In a fifth Crusade, Emperor Frederick II of Germany, in 1228, once more won back Jerusalem.

Losing it yet again, a sixth crusade was preached by Gregory IX. Louis IX of France was the central figure of this crusade, in which he won nothing but glory. To the Jews it meant an attack upon their French communities. On a few baptism was forced, but the majority were trampled to death, their homes looted and burnt. Some three thousand coreligionists lost their lives.

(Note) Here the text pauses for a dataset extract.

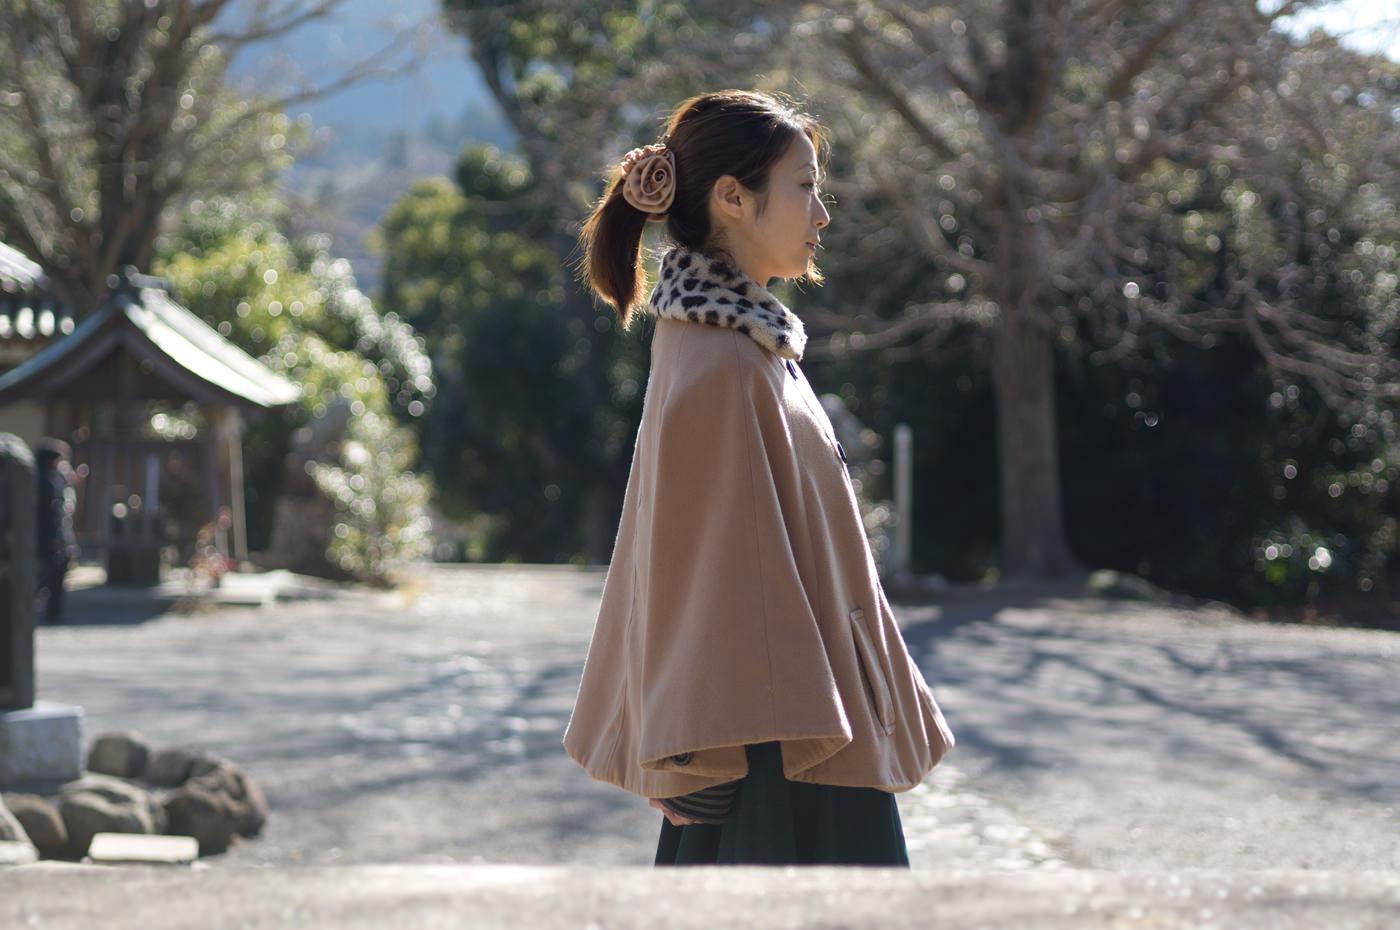 sanpai_girl3
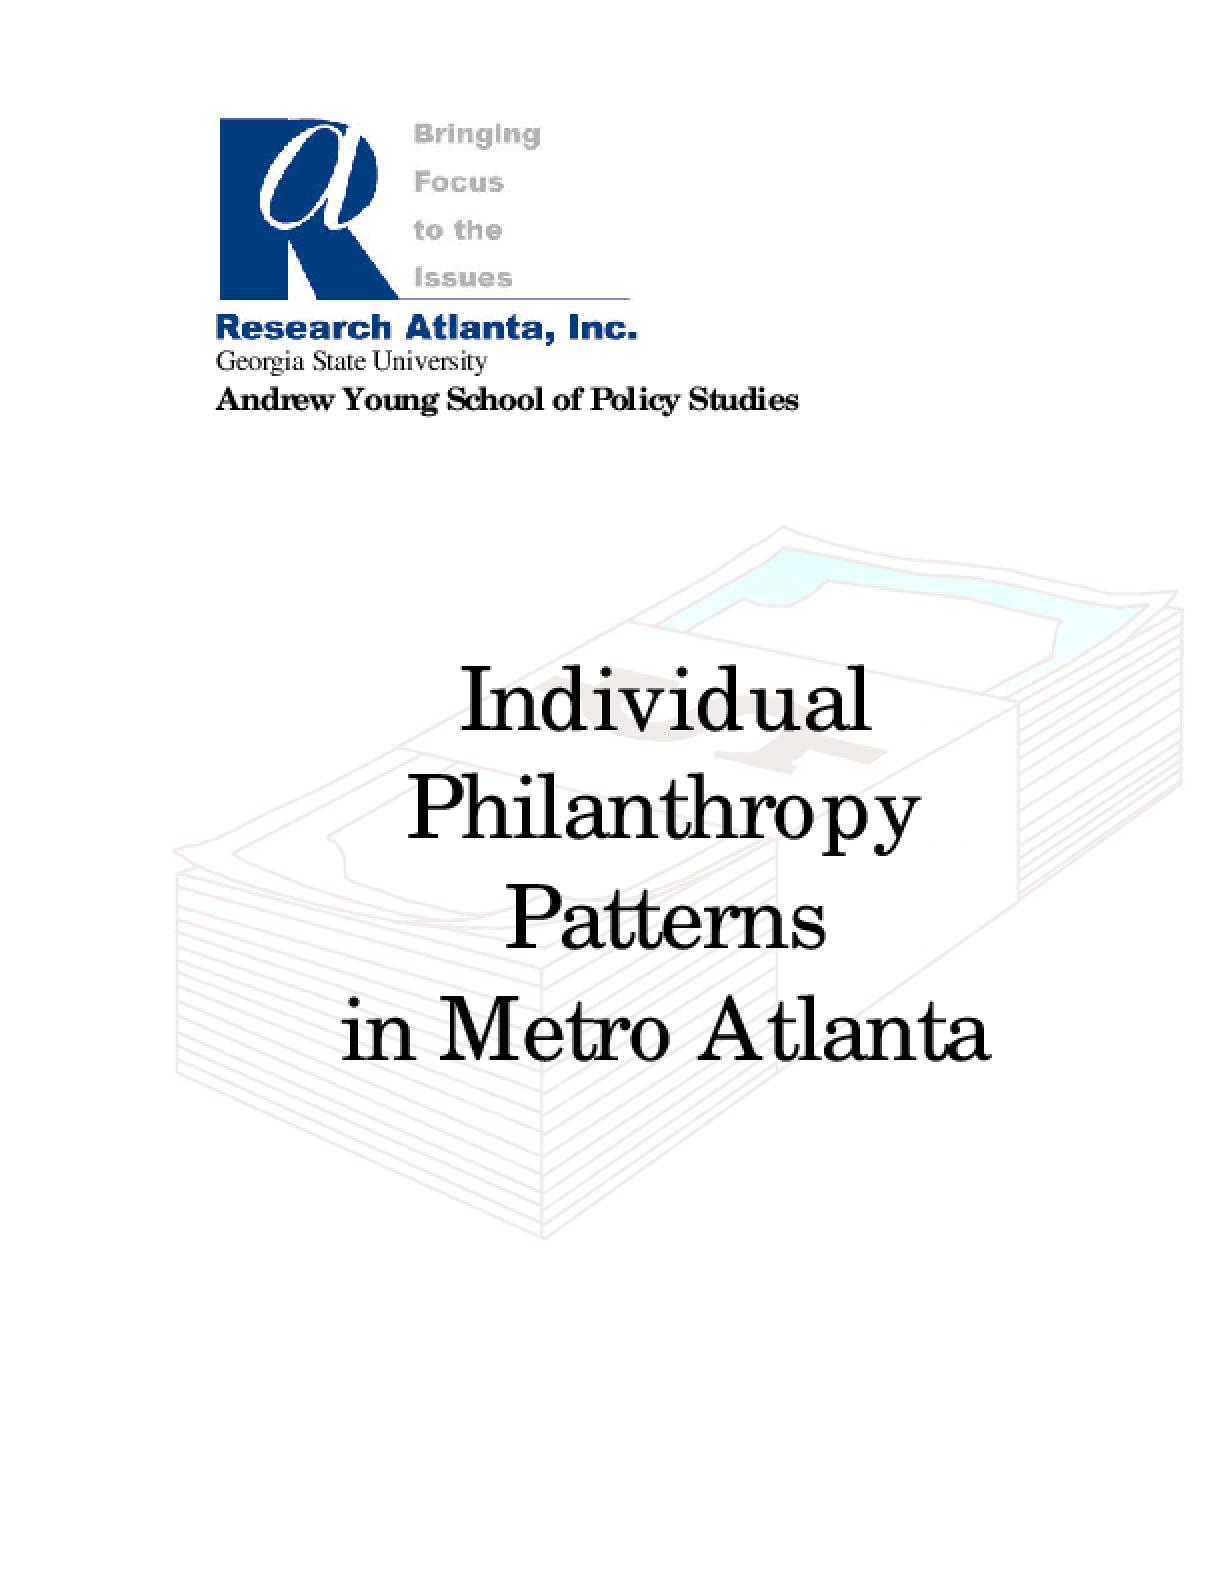 Individual Philanthropy Patterns in Metro Atlanta

Edward I of England was successful in the seventh and last Crusade. But before the close of the thirteenth century all Palestine drifted back into Moslem hands. In Moslem hands it remains to-day. The Jews had been the first victims of this movement, and they were the last.

Some Good Results.

Cruel and desolating though the Crusades were, a colossal tragic blunder, yet Providence, "shaping our ends," ever turneth evil into good. It brought many Christians in contact with Mohammedans to find they were not monsters, but much like themselves. In so far its influence was humanizing. Still in its dark ages, Europe, through the Crusades, got the benefit of contact with the Orient's higher civilization. This meeting of East and West broadened minds and fostered commerce. Thus even the Jews to whom the crusades had brought unmixed evil ultimately enjoyed the salutary benefits of their remoter consequences. They lost the monopoly of trade, but trade in turn lost its stigma. For when it became legitimate and respectable, the Jews had to encounter new restrictions. Still the world moved on to larger light.


NOTES AND REFERENCES.


Turn to the map of Europe in front of the book for the route taken by the crusaders.

Read "Bernhard of Clairvaux," article by Frederick Harrison, in Choice of Books. Nearly two million lives are said to have been sacrificed in the crusades.

Third Crusade:—Read Lessing's "Nathan der Weise" and Walter Scott's "The Talisman."

Tosafist —From the Hebrew verb, "to add," was applied to those rabbis after the period of the Geonim, who derived from the Talmud additional law to meet the religious needs of occidental environment. All knotty questions were referred to them and they revealed great ingenuity in their interpretations. The giving of authoritative answers {Responsa) on Jewish practice became the main function of later mediaeval rabbis.

Theme for Discussion:—Pilgrimages in Judaism. Passover, Pentecost and Tabernacles are called "The Three Festivals of Pilgrimage."